__AIM OF THE EXERCISE__
Within the listing that follows, reproduce exactly the lines starting at the line with "Lourde base en" and ending at the line with "Hände schützen die", inclusive, and only those. Pictures are dropped.

__PROVIDED DATA__
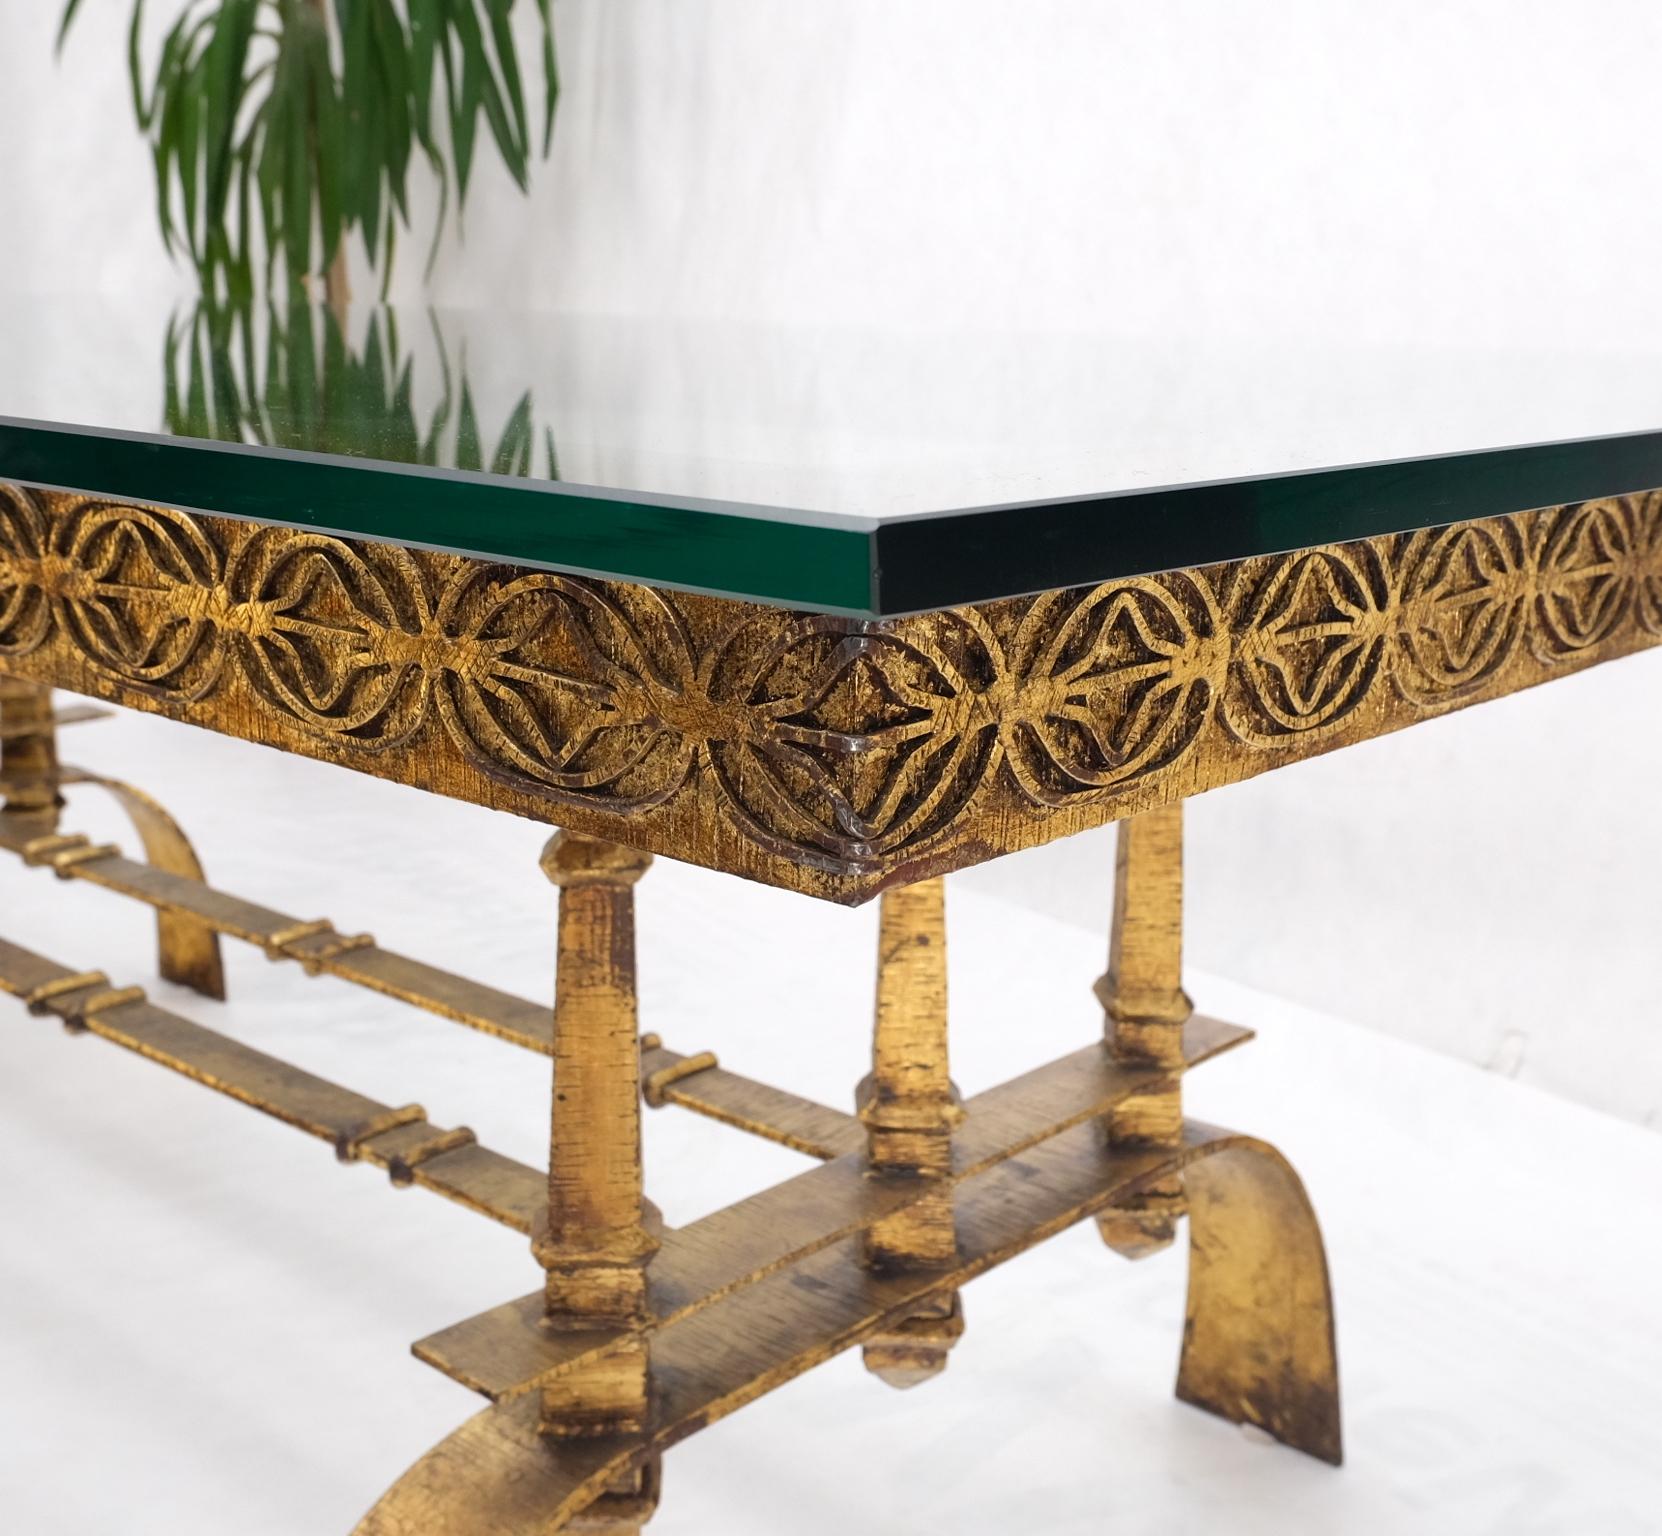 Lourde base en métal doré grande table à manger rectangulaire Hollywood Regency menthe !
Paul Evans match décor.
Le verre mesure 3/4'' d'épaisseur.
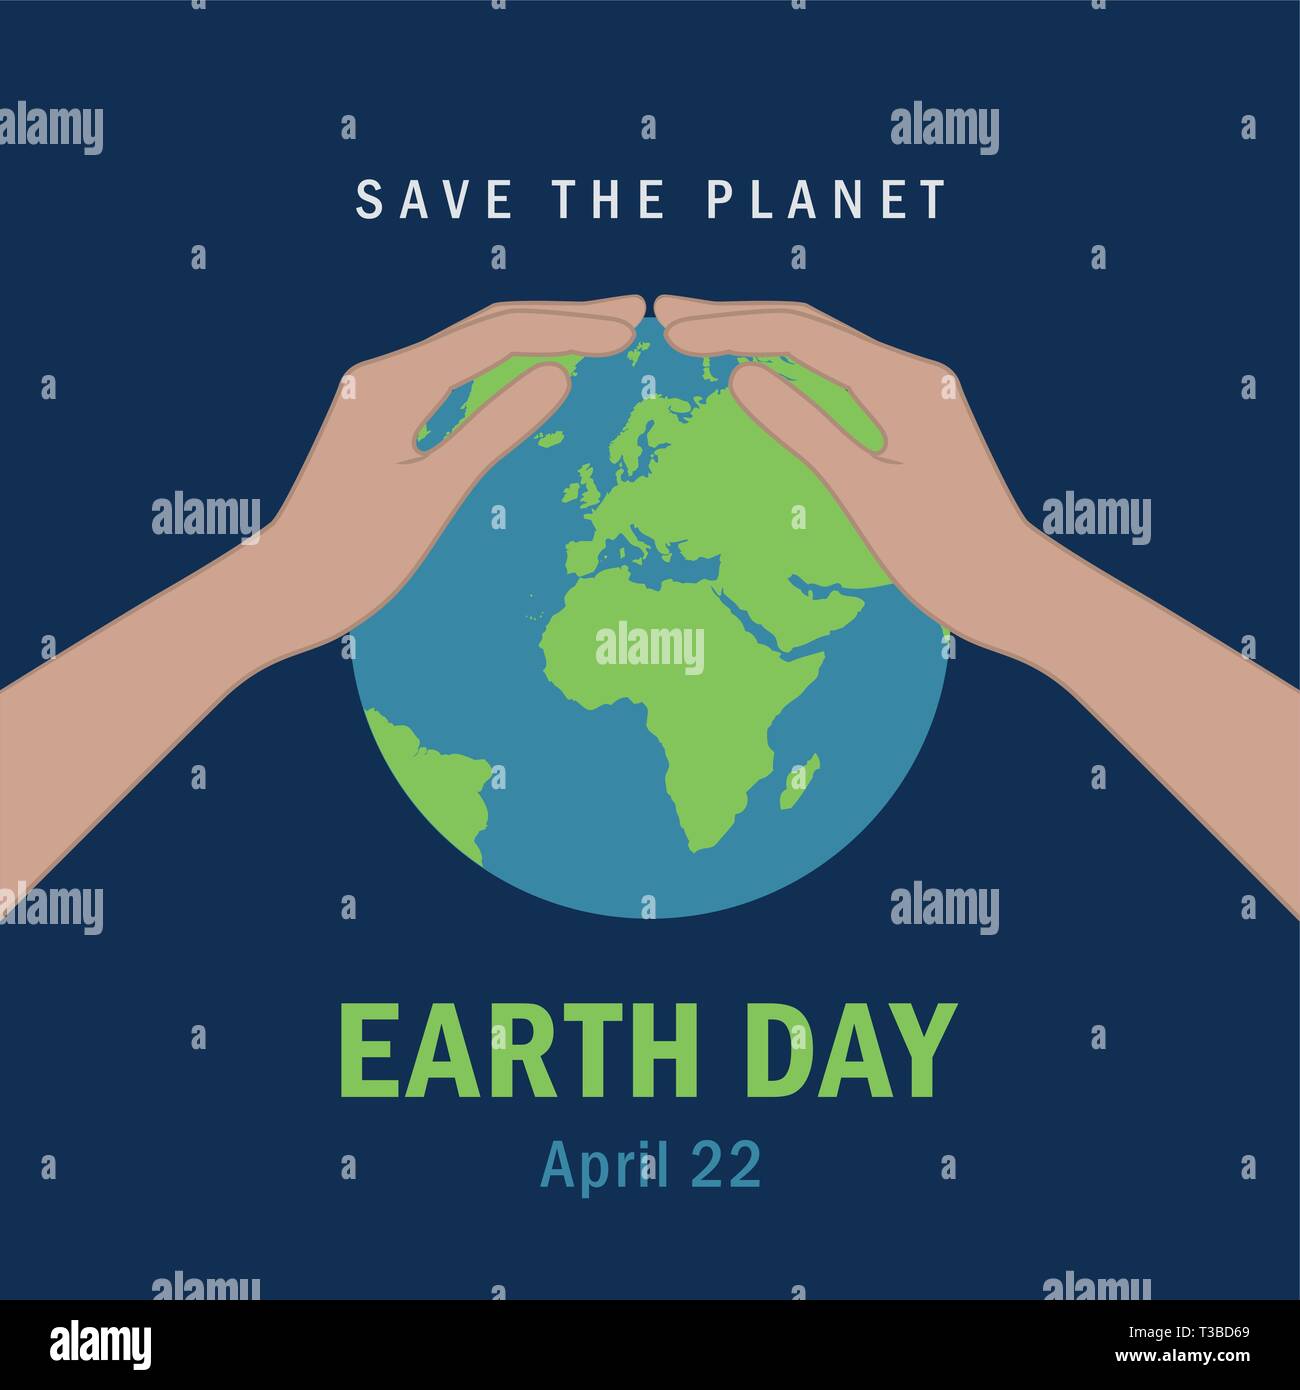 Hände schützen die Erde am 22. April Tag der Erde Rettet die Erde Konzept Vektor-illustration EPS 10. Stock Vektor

...

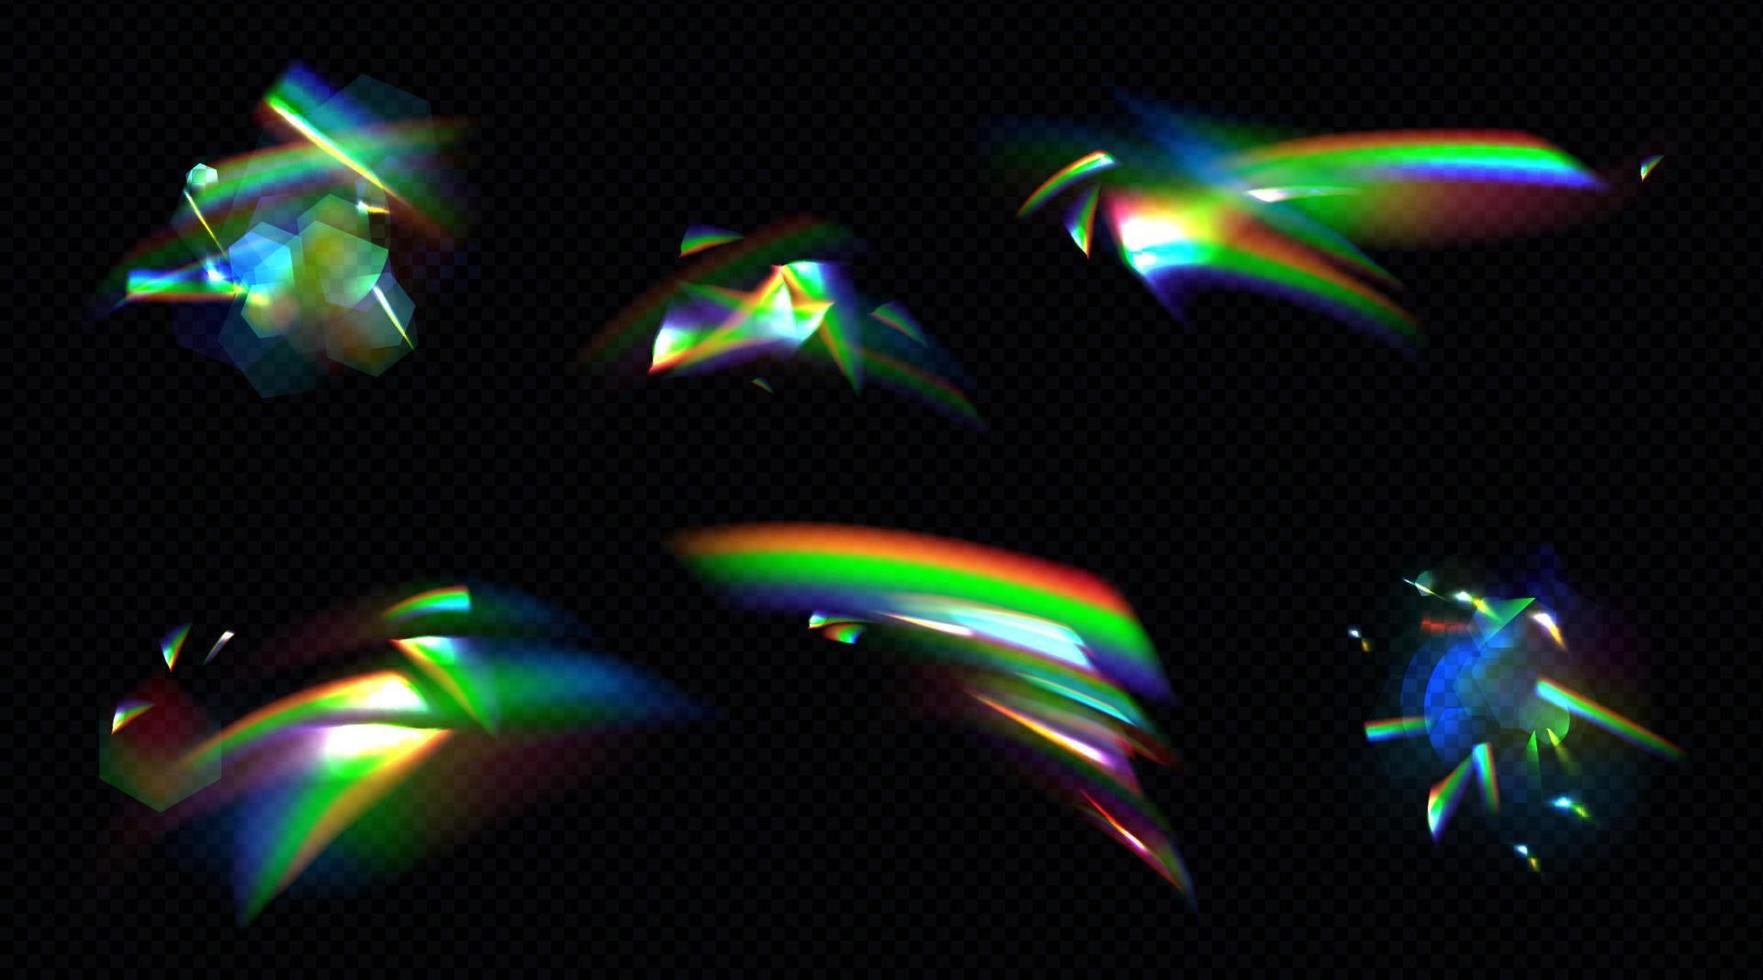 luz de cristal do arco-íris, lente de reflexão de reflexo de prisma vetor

__RESULT__
 Lourde base en métal doré grande table à manger rectangulaire Hollywood Regency menthe !
Paul Evans match décor.
Le verre mesure 3/4'' d'épaisseur.
 Hände schützen die Erde am 22. April Tag der Erde Rettet die Erde Konzept Vektor-illustration EPS 10. Stock Vektor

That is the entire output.